◆ ACTION ITEM ◆
Starting at the line that contains "Custom tshirt design", transcribe each line exactly through the end of the data below, and skip any pictures.

◆ RECORDED INFORMATION ◆
═══
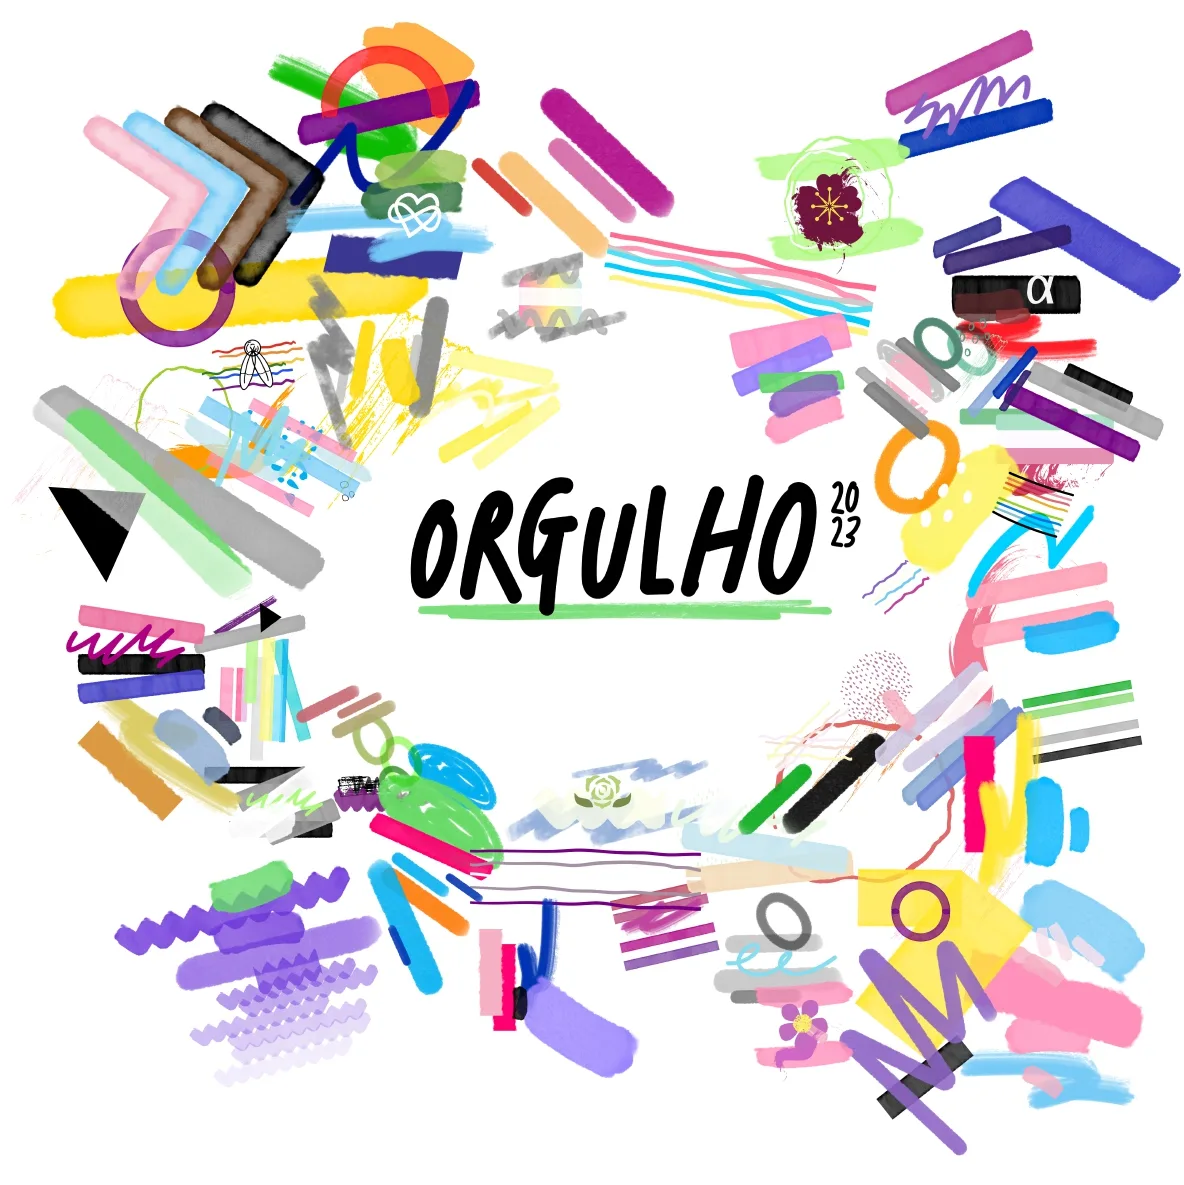 Orgulho's logo is surrounded by a variety of colorful objects.
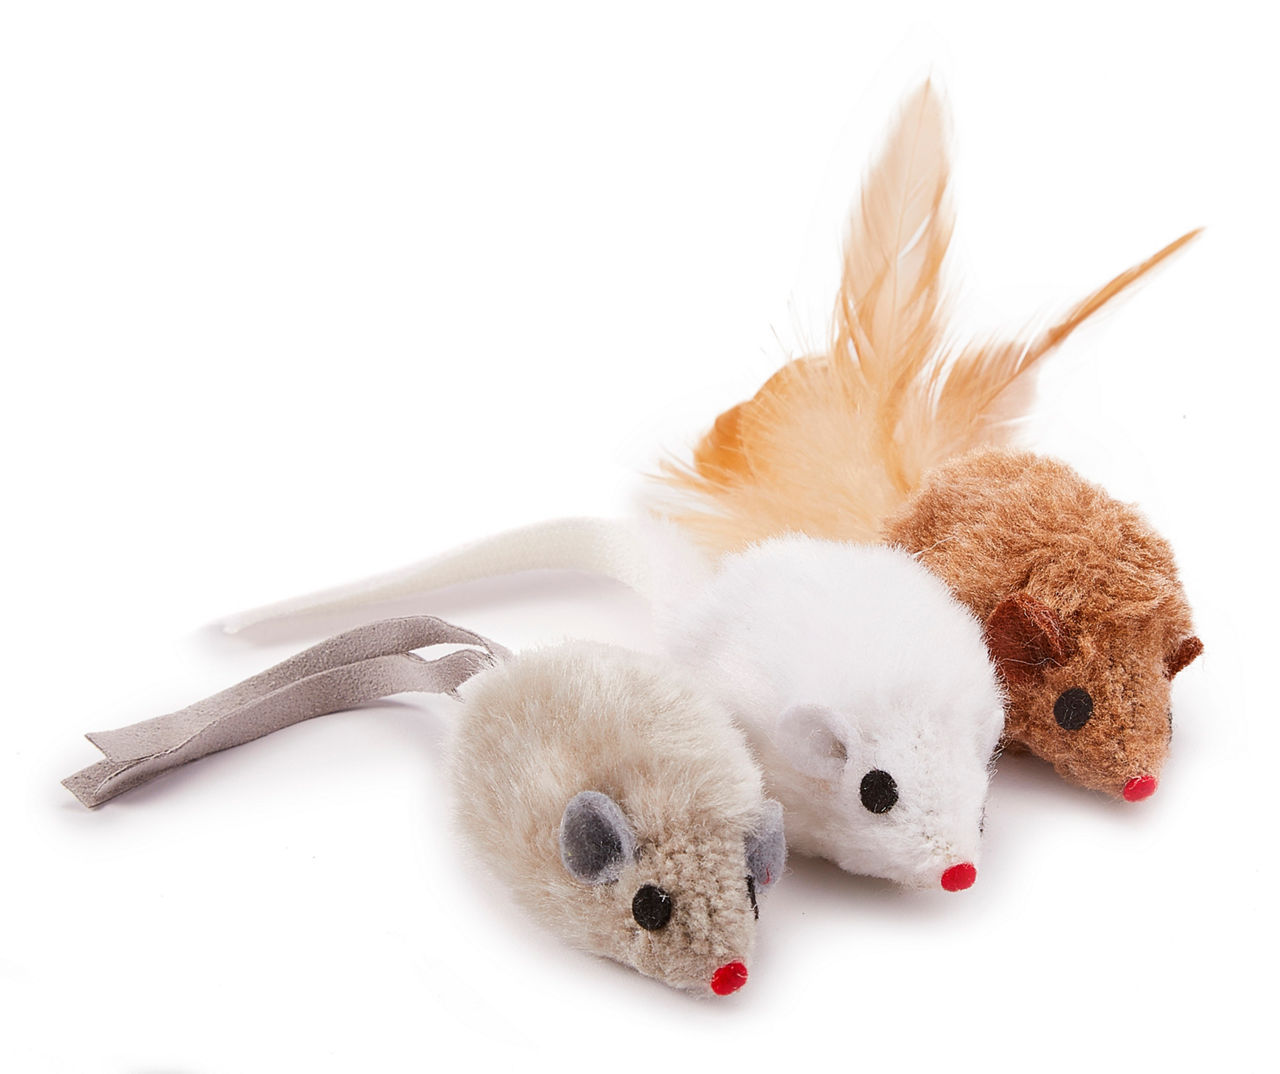 Catch The Mouse Toy, Cat Toys, Buy Online at Best Price
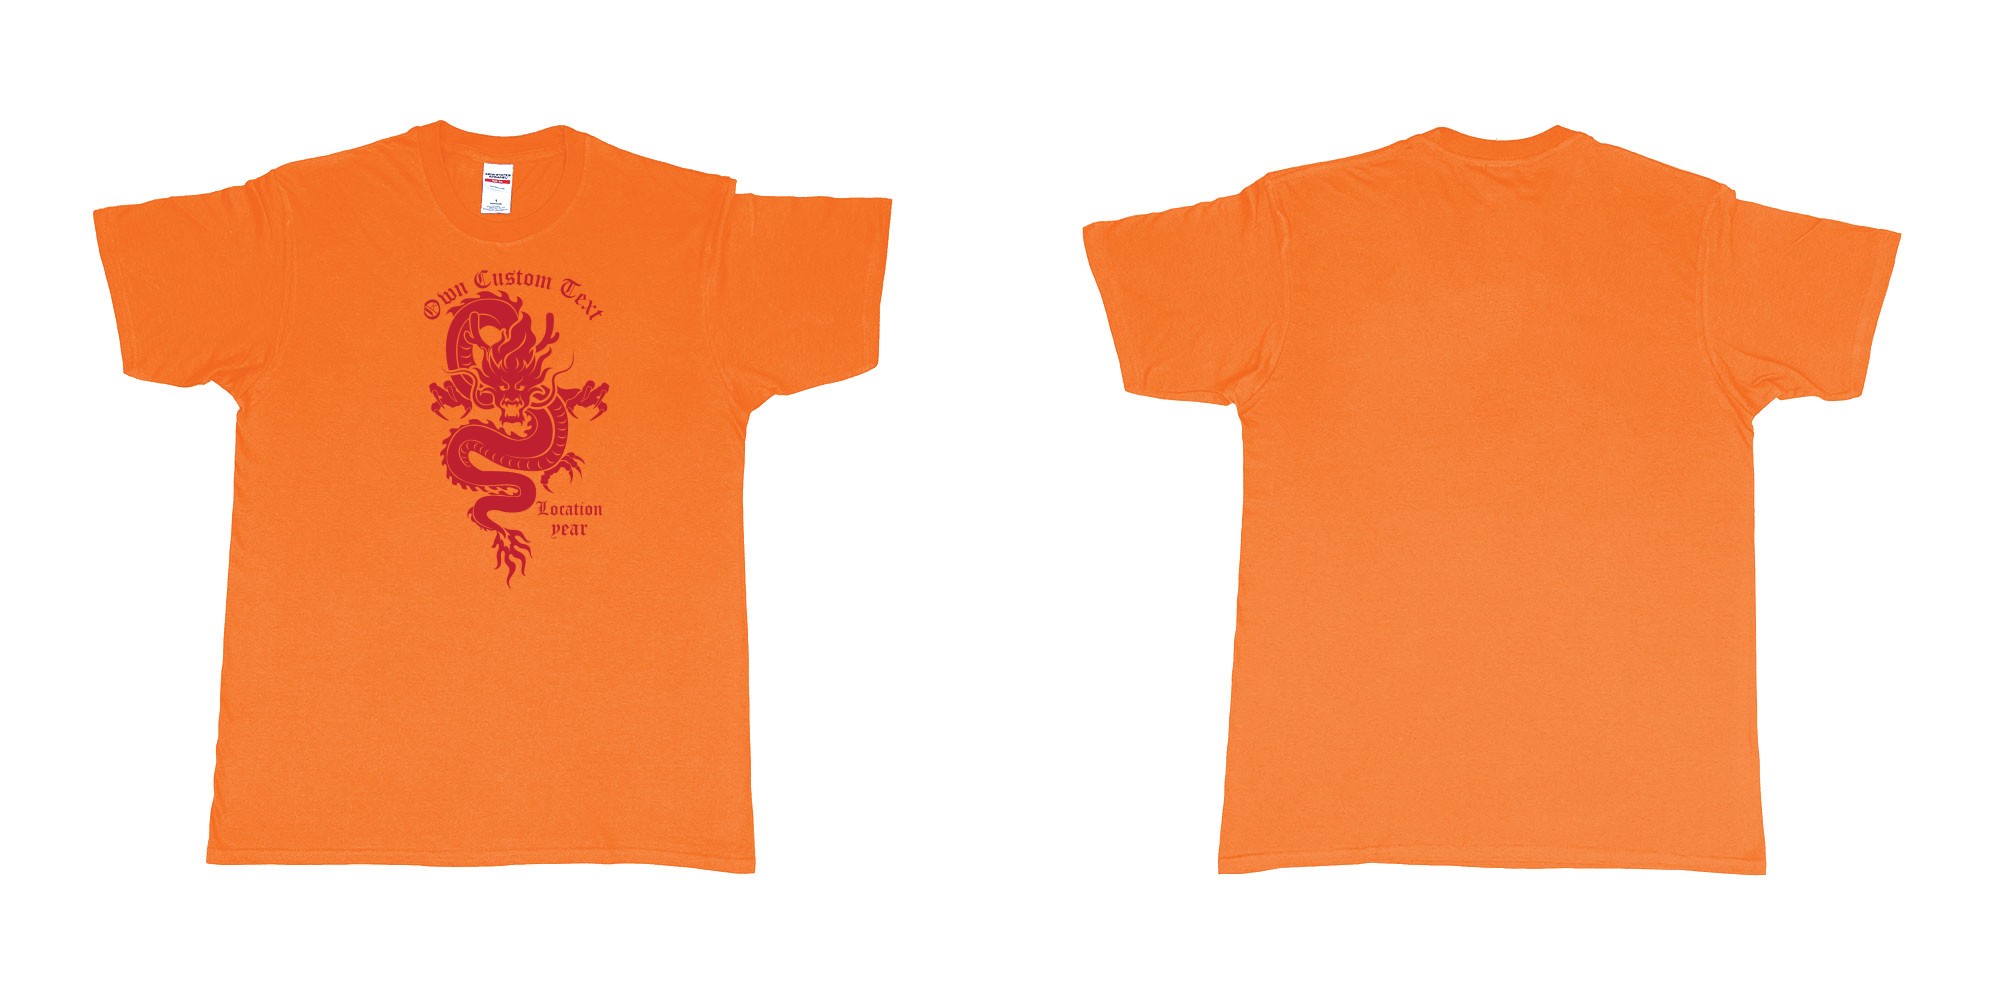 Custom tshirt design custom dragon print text in fabric color orange choice your own text made in Bali by The Pirate Way
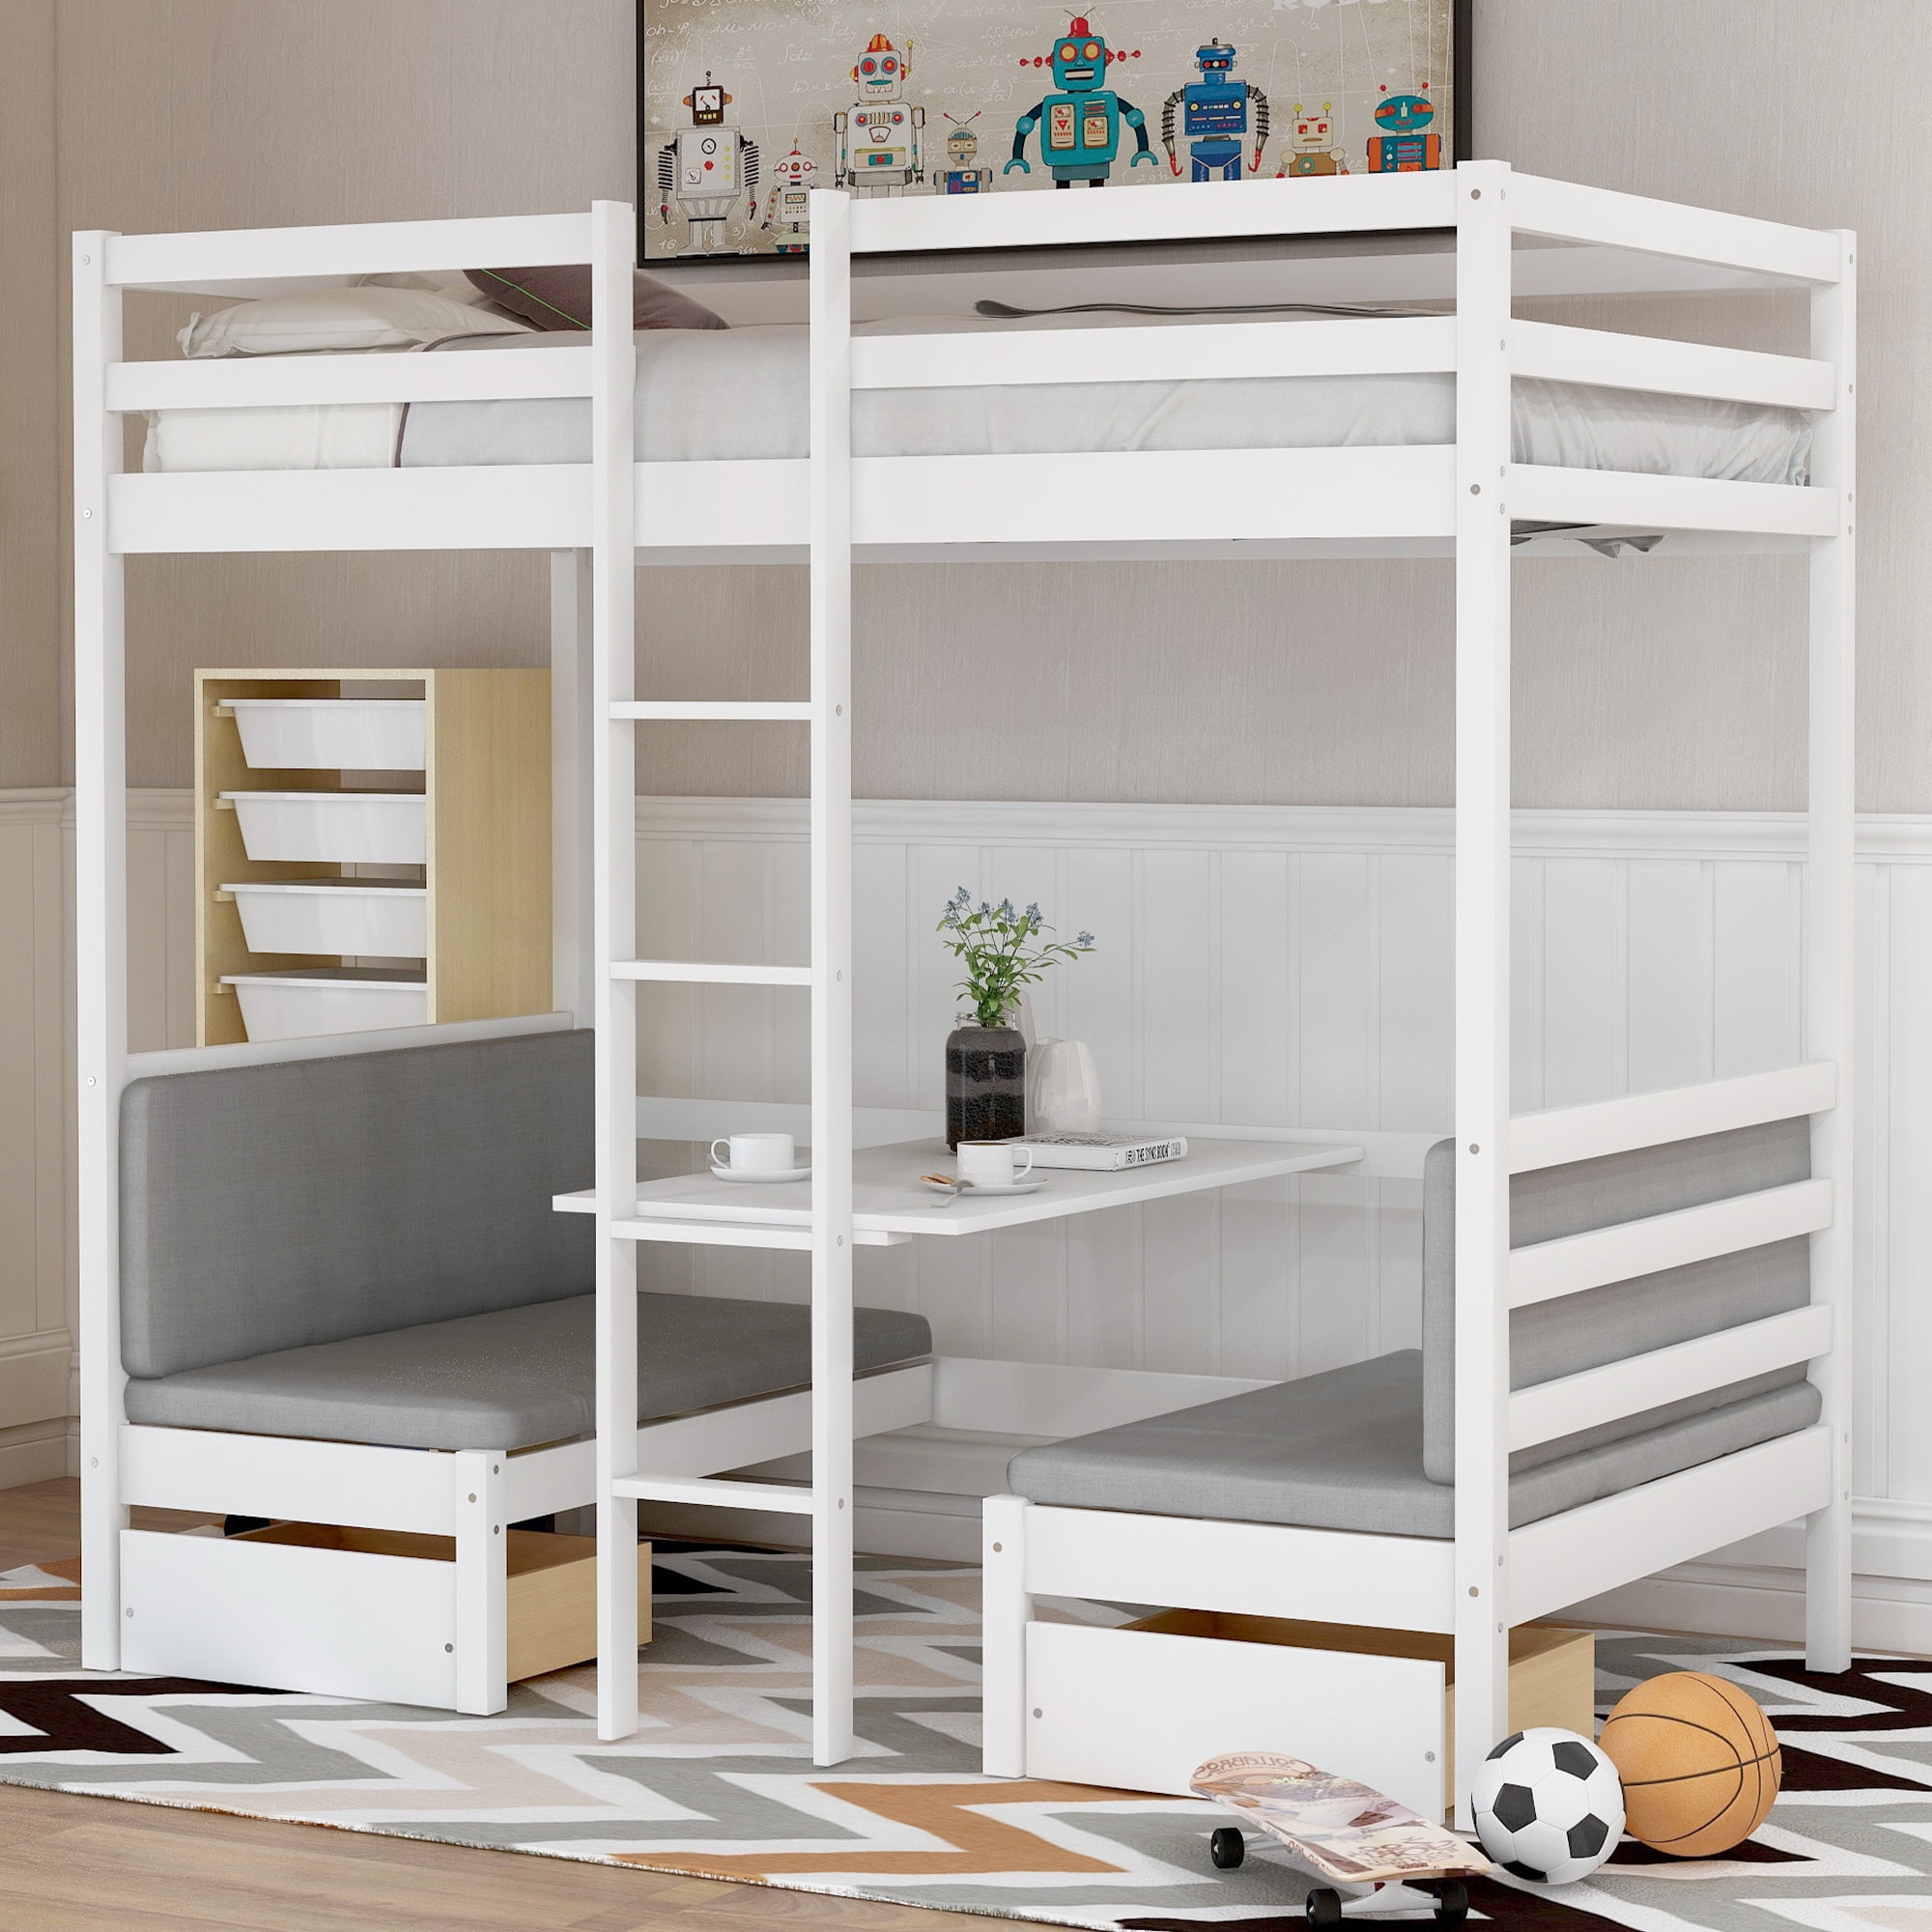 Euroco Solid Wood Convertible Twin Bunk, Convertible Bunk Beds Full Over Full
═══
◆ RESULT OF THIS EXERCISE ◆
 Custom tshirt design custom dragon print text in fabric color orange choice your own text made in Bali by The Pirate Way
 Euroco Solid Wood Convertible Twin Bunk, Convertible Bunk Beds Full Over Full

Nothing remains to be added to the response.